Dynamic scaling (per region and per partition autoscale)

APPLIES TO: NoSQL MongoDB Cassandra Gremlin Table

Azure Cosmos DB autoscale by default scales workloads based on the most active region and partition. For nonuniform workloads that have different workload patterns across regions and partitions, this scaling can cause unnecessary scale-ups. With this improvement to autoscale, also known as "dynamic scaling," the per region and per partition autoscale feature now allows your workloads’ regions and partitions to scale independently based on usage.

Dynamic scaling is recommended for autoscale workloads that are nonuniform across regions and partitions. This feature allows you to save cost if you often experience hot partitions and/or have multiple regions. When enabled, dynamic scaling applies to all autoscale resources in the account.

Use cases

  • Database workloads that have a highly trafficked primary region and a secondary passive region for disaster recovery.
    • With dynamic scaling, achieving high availability with multiple regions is more cost effective.
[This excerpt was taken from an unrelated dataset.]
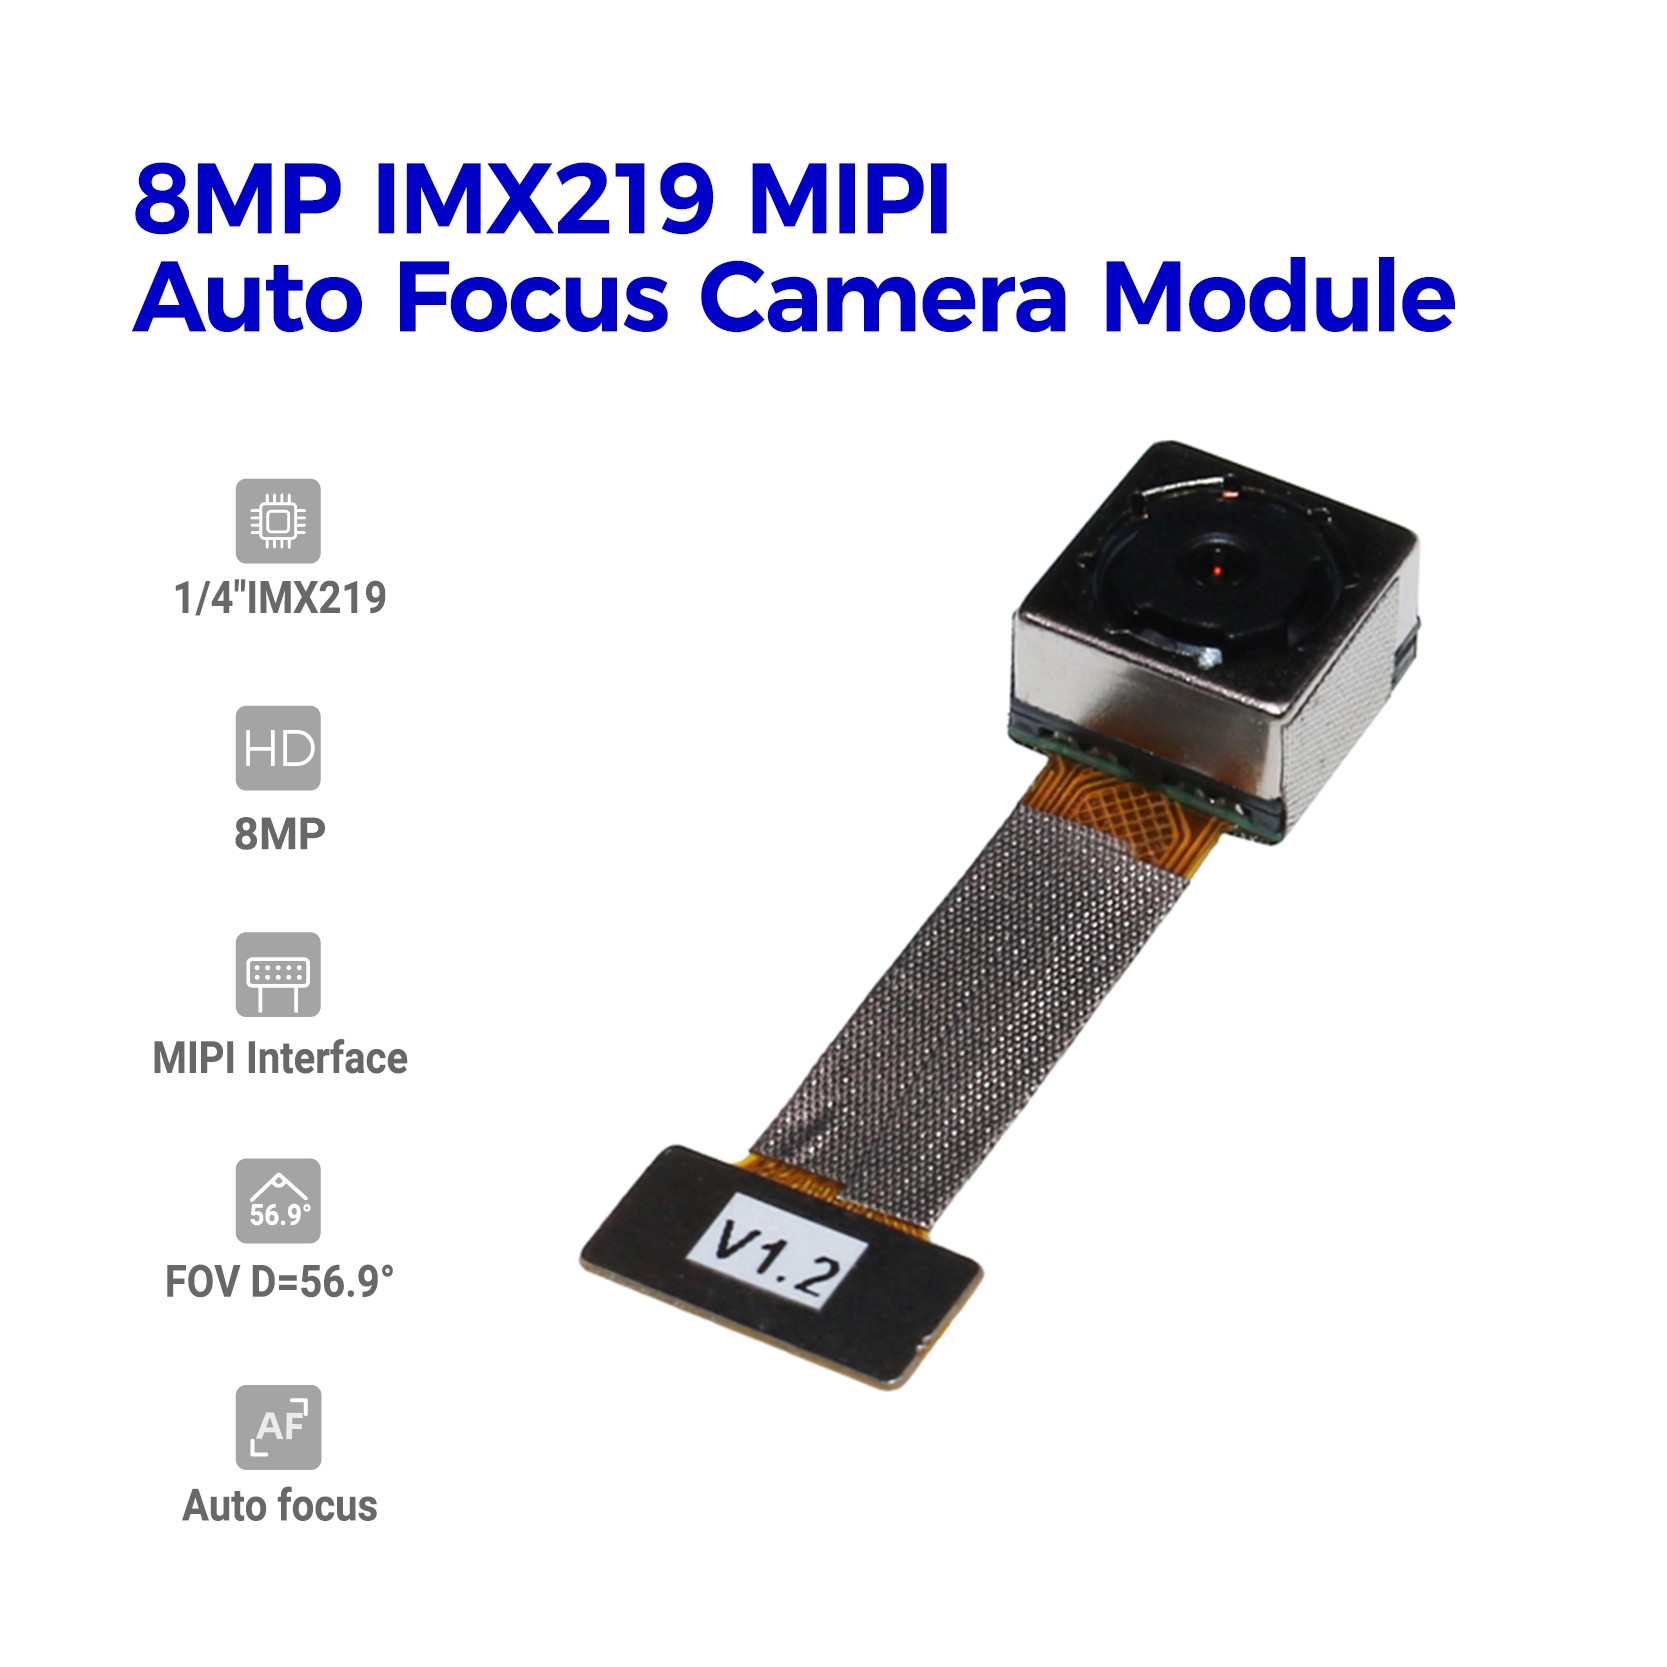 8MP IMX219 MIPI Camera Module with AF Auto Focus Lens Featured Image
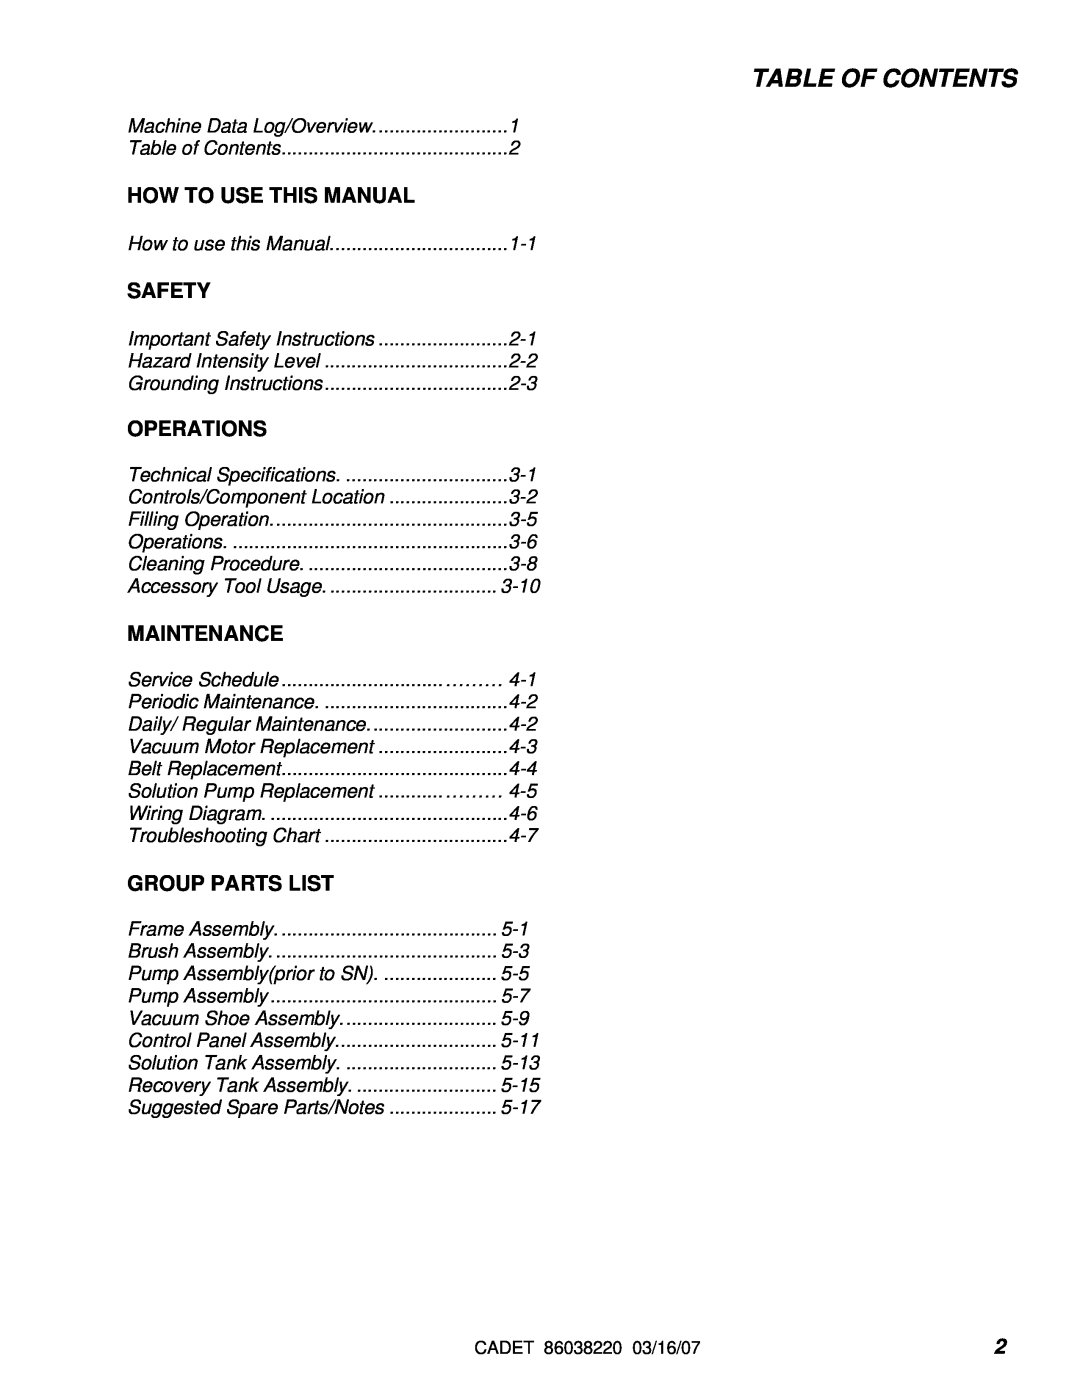 Windsor CDT7, 10080220 manual Table Of Contents, How To Use This Manual, Safety, Operations

The secondary region independently and automatically scales down while idle. The secondary region also automatically scales up as it becomes active and while handling write replication traffic from the primary region.
  • Multi-region database workloads.
    • These workloads often observe uneven distribution of requests across regions due to natural traffic growth and dips throughout the day. For example, a database might be active during business hours across globally distributed time zones.

Example

For example, if we have a collection with 1000 RU/s and 2 partitions, each partition can go up to 500 RU/s. For one hour of activity, the utilization would look like this:

Region Partition Throughput Utilization Notes
Write P1 <= 500 RU/s 100% 500 RU/s consisting of 50 RU/s used for write operations and 450 RU/s for read operations.
Write P2 <= 200 RU/s 40% 200 RU/s consisting of all read operations.
Read P1 <= 150 RU/s 30% 150 RU/s consisting of 50 RU/s used for writes replicated from the write region. 100 RU/s are used for read operations in this region.
Read P2 <= 50 RU/s 10%

Because all partitions are scaled uniformly based on the hottest partition, both the write and read regions are scaled to 1000 RU/s, making the total RU/s as much as 2000 RU/s.

With dynamic scaling, you can optimize your throughput. The total consumption would be 900 RU/s as each partition or region's throughput is scaled independently and measured per hour using the same scenario.

Monitoring dynamic autoscale

You can use the following metrics to monitor dynamic autoscale:

Metric Name Definition Metric Usage
Autoscaled RU Shows the dynamically scaled provisioned throughput at each partition and region level only for dynamic autoscale enabled accounts. Use this metric to see how partitions in each region scale independently based on their usage.

Use Azure Monitor metrics - Autoscaled RU to analyze how the new autoscaling is applied across partitions and regions. Filter to your desired database account and container, then filter or split by the Physical PartitionID metric. This metric shows all partitions across their various regions.
Provisioned Throughput Shows the aggregated highest RU/s scaled to across the hour, and represents the total RU/s scaled to for the hour. You can use the Provisioned Throughput metric to see the RU/s you're billed for in each hour. With dynamic autoscale, you're billed for the aggregated highest RU/s scaled to in each hour at each partition and region level.
Normalized RU Consumption This metric represents the ratio of consumed RU/s to provisioned RU/s at each partition and region level. Use this metric to determine if the autoscale maximum throughput is under or over-provisioned.

If the metric value is consistently 100% and your application is seeing rate-limiting (429 error code), then you might need more RU/s. In contrast, if this metric value is low and there's no rate-limiting, then there might be room to optimize and scale-down the RU/s. Learn how to interpret and debug code 429 rate limiting errors.

The Normalized RU Consumption metric reflects the RU/s consumed in secondary region due to write replication traffic from the primary, in addition to any read traffic on the secondary.

Get started

Dynamic scaling is enabled by default for all Azure Cosmos DB accounts created after September 25, 2024. Customers who wish to enable this feature for their older accounts can do so programmatically through Azure PowerShell/CLI/Rest API or from the features pane of Azure portal as shown:

  1. Navigate to your Azure Cosmos DB account in the Azure portal.

  2. Navigate to the Features page.

  3. Locate and enable the Dynamic Scaling (Per Region and Per Partition Autoscale) feature.

    Screenshot of the 'Dynamic Scaling (Per Region and Per Partition Autoscale)' feature in the Azure portal.

    Important

    The feature is enabled at the account level, so all autoscale containers and shared throughput databases within the account will automatically have this capability applied. Enabling this feature does not affect resources in the account that are using manual throughput. Manual resources will need to be changed to autoscale to take advantage of dynamic scaling. Enabling this feature has zero downtime or performance impact. This feature is not applicable for serverless accounts.